APARATO REPRODUCTOR FEMENINO
“Lavatela con champú”
“La concha tuya”
“La concha de tu vieja”
“La concha mía”
“Conchud@”
“Andá a buscar un quirquincho que te cave el hoyo”
“Essta!”
“La concha de Dios”
“La concha de Cristo”

APARATO REPRODUCTOR MASCULINO
“Cara de pija”
“sobámela”
“Chupala”
“Agarrala”
“Essta!”

COGER
“Andá a hacerte coger a máquina!”
“Hacete coger por un container de toros”
“Hacete coger por un perro así te saca a pasear”
“Fuck you” (léase Fackiu y con el dedito levantado)
“Fuck you vieja”

PUT@
“Put@”
”Hijo de puta”
"Hijo de un portaviones lleno de putas"
“La puta que te parió”
“La puta madre”
“Prestame el vestido de novia de tu vieja, asi me disfrazo de la puta madre que te parió”
"Porca puttana" / "Porca troia" = Puta puerca

¿PRÁCTICAS SEXUALES? & CIA
"Andá a jugar a las muñecas con los abortos de tu vieja"
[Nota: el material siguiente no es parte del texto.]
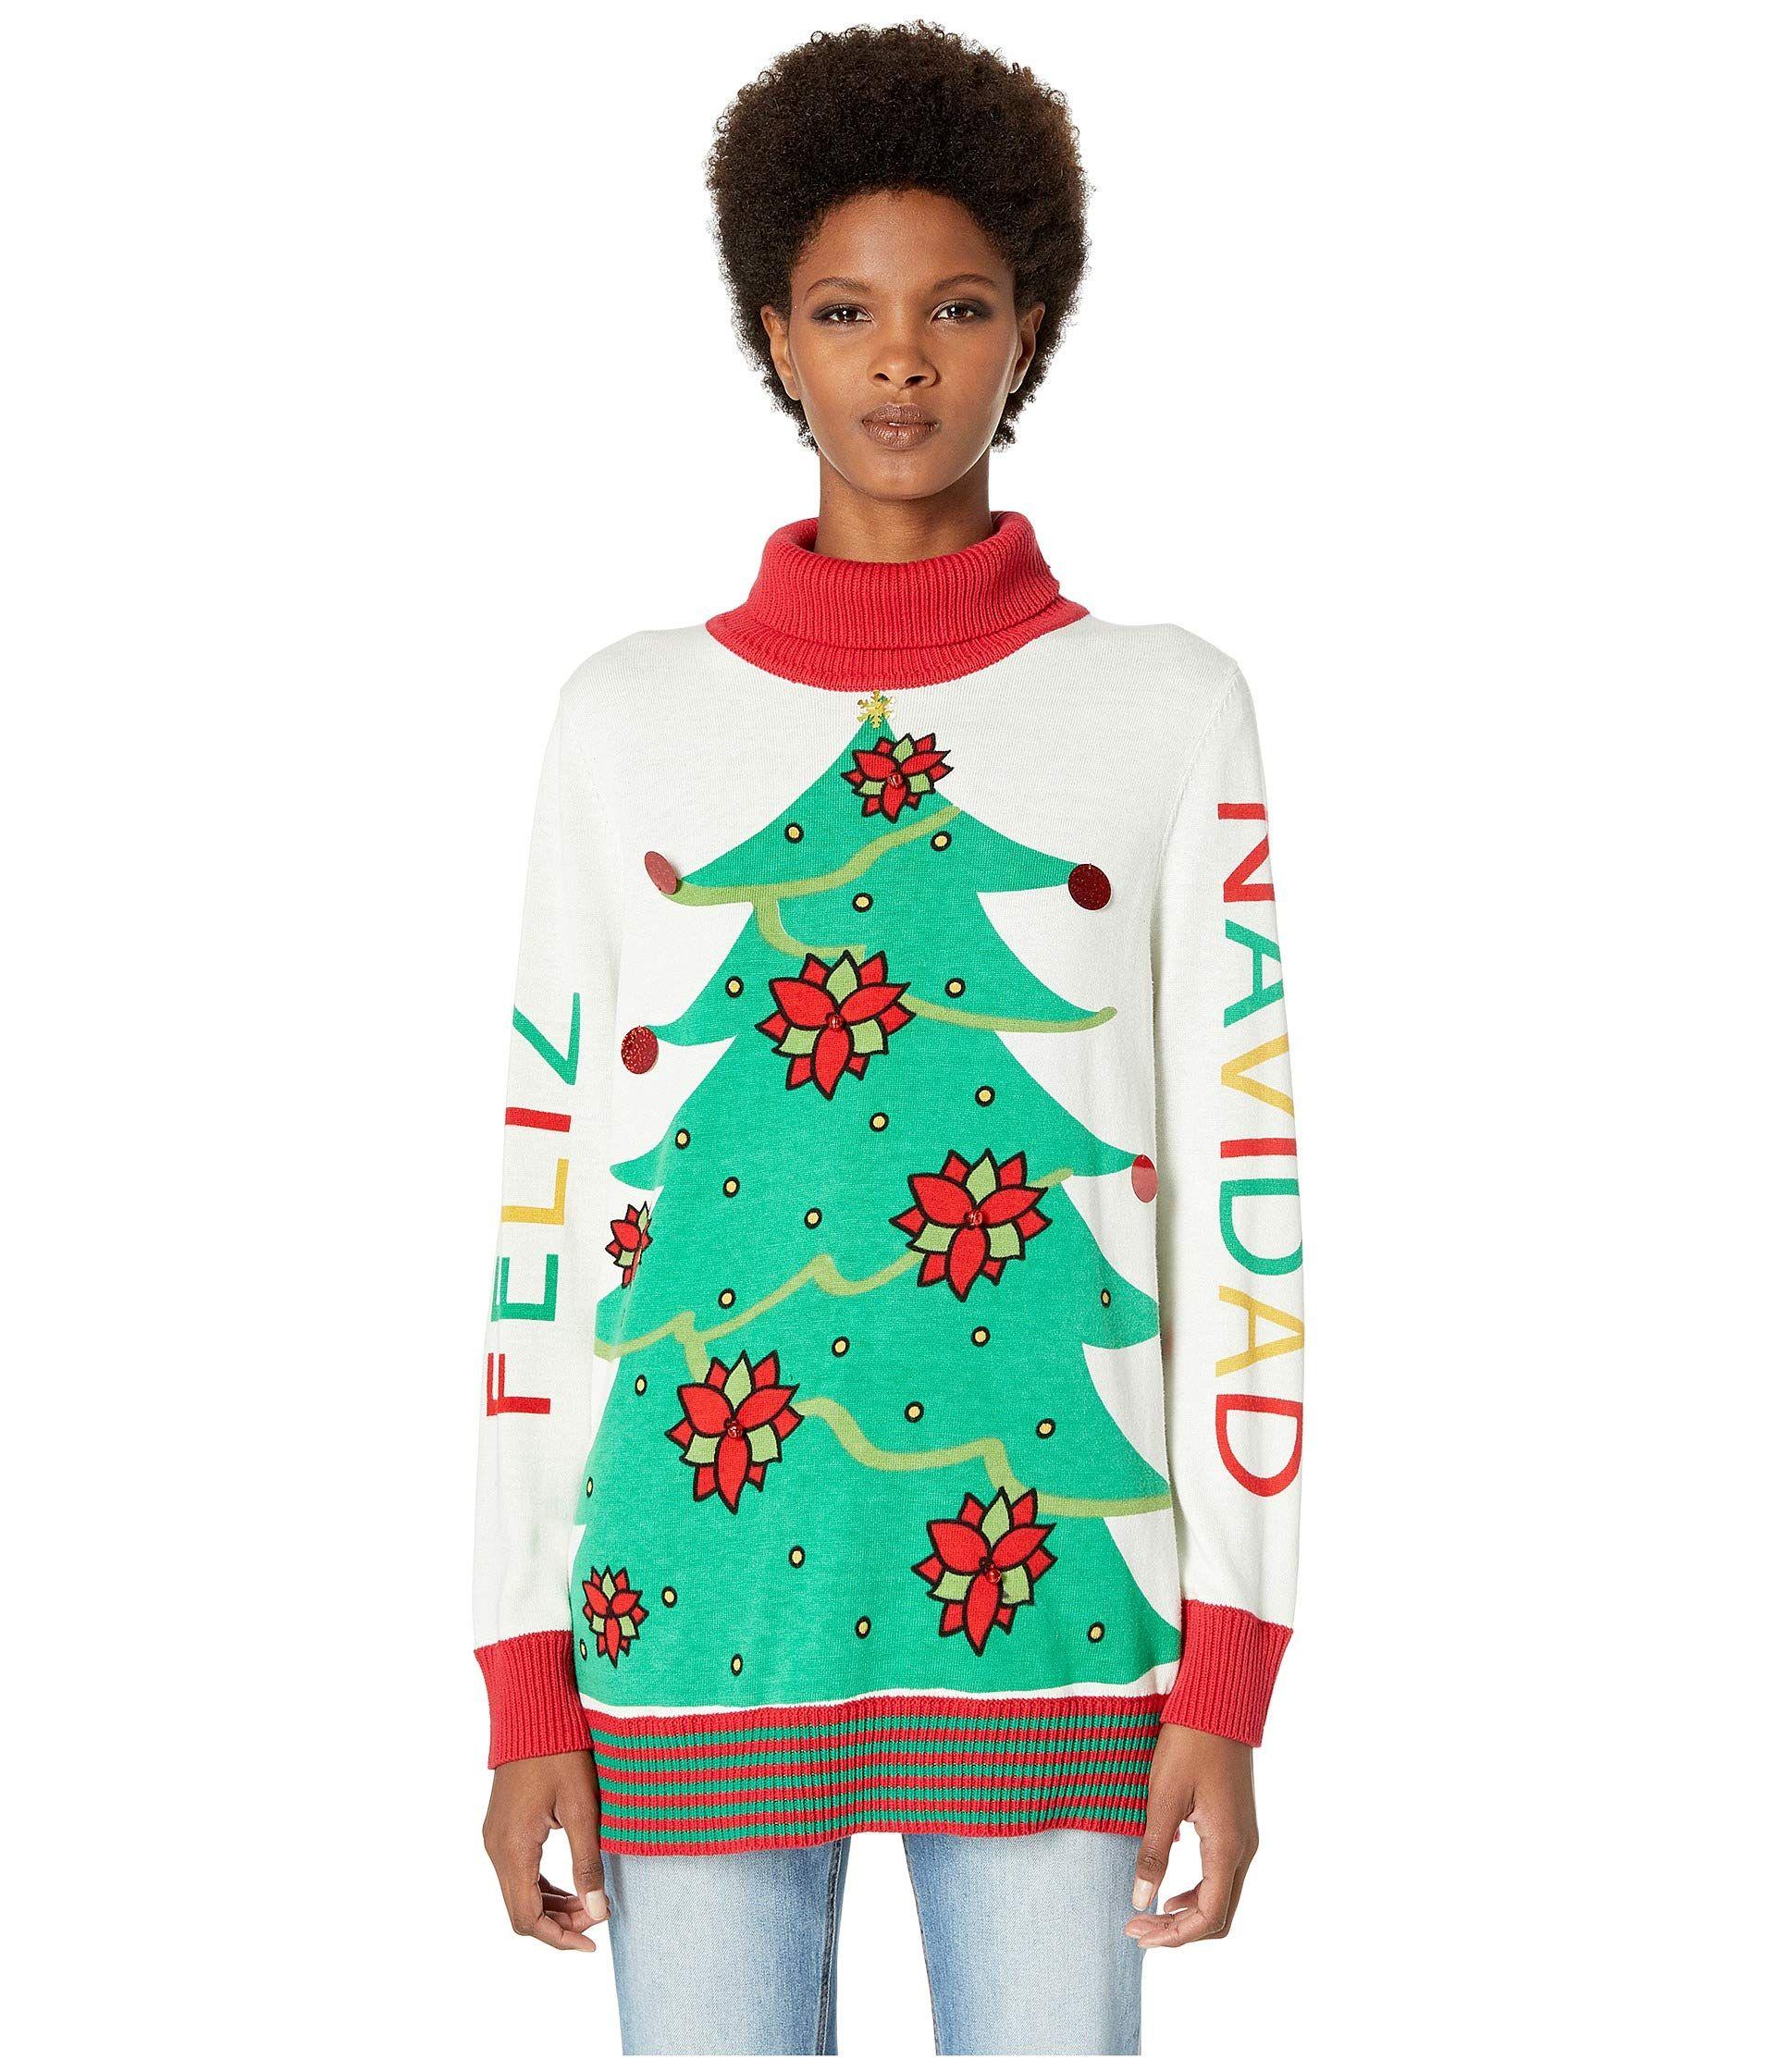 342238e3 Whoopi Goldberg Ugly Christmas Sweater Line at Zappos 2018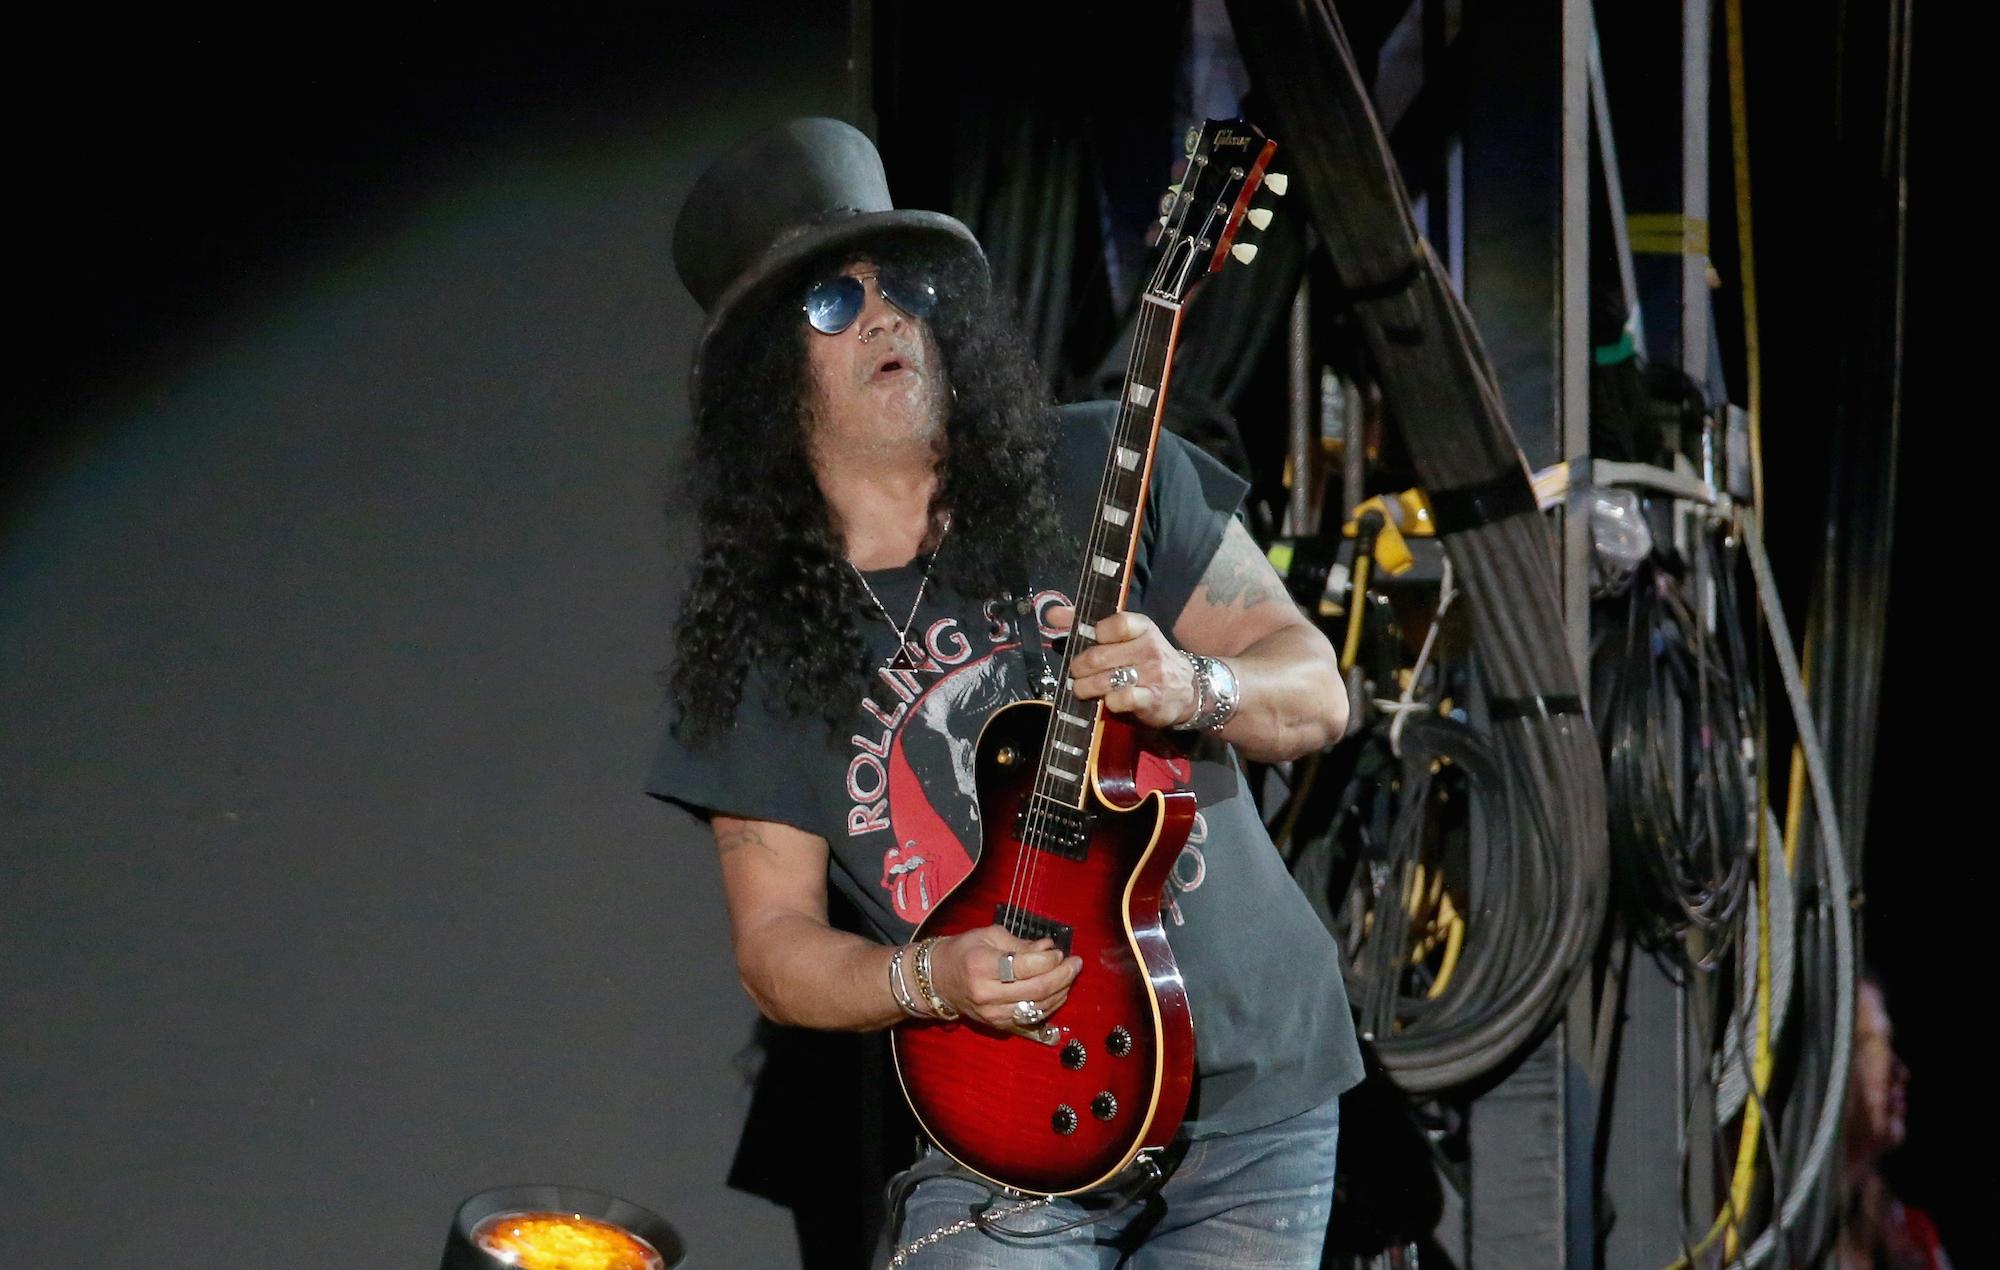 Slash of Guns N' Roses. Credit: Gary Miller/Getty Images

“Leche fértil” = Chicos que dejan embarazadas a chicas
“Negro pata ‘i lana”
“Cornudo”

”Guampudo”
“Yegua guampuda”

En base a esto aquí dejamos un cuadrito pedorro allá a la Lévi-Strauss con su pedorrada del análisis del mito de Edipo; lo que es interesante de ver es que, aunque acá establecemos la clásica dicotomía Hombre-Mujer, a veces los insultos pueden revertirse o crear confusión haciendo propias las características del sexo opuesto, o lo que podríamos llamar hacer referencia a los “genitales simbólicos”, por ejemplo cuando un hombre heterosexual dice “la concha mía”.
Tampoco debemos ceñirnos a la dicotomía que presentamos, y en este punto es interesante el trabajo de campo de la antropóloga Andrea Lacombre acerca de masculinidades lésbicas en un bar de Rio de Janeiro, donde las lesbianas deshacen la cuestión de género recurriendo a diversas prácticas como la pelea y el consumo de alcohol, disputándole la hegemonía del lugar a los hombres heterosexuales. Así, uno de los insultos de ellas hacia ellos es “andá, llevale la pija a tu mujer que está en tu casa esperando y dejame en paz!”. La puta madre, seguimos la próxima!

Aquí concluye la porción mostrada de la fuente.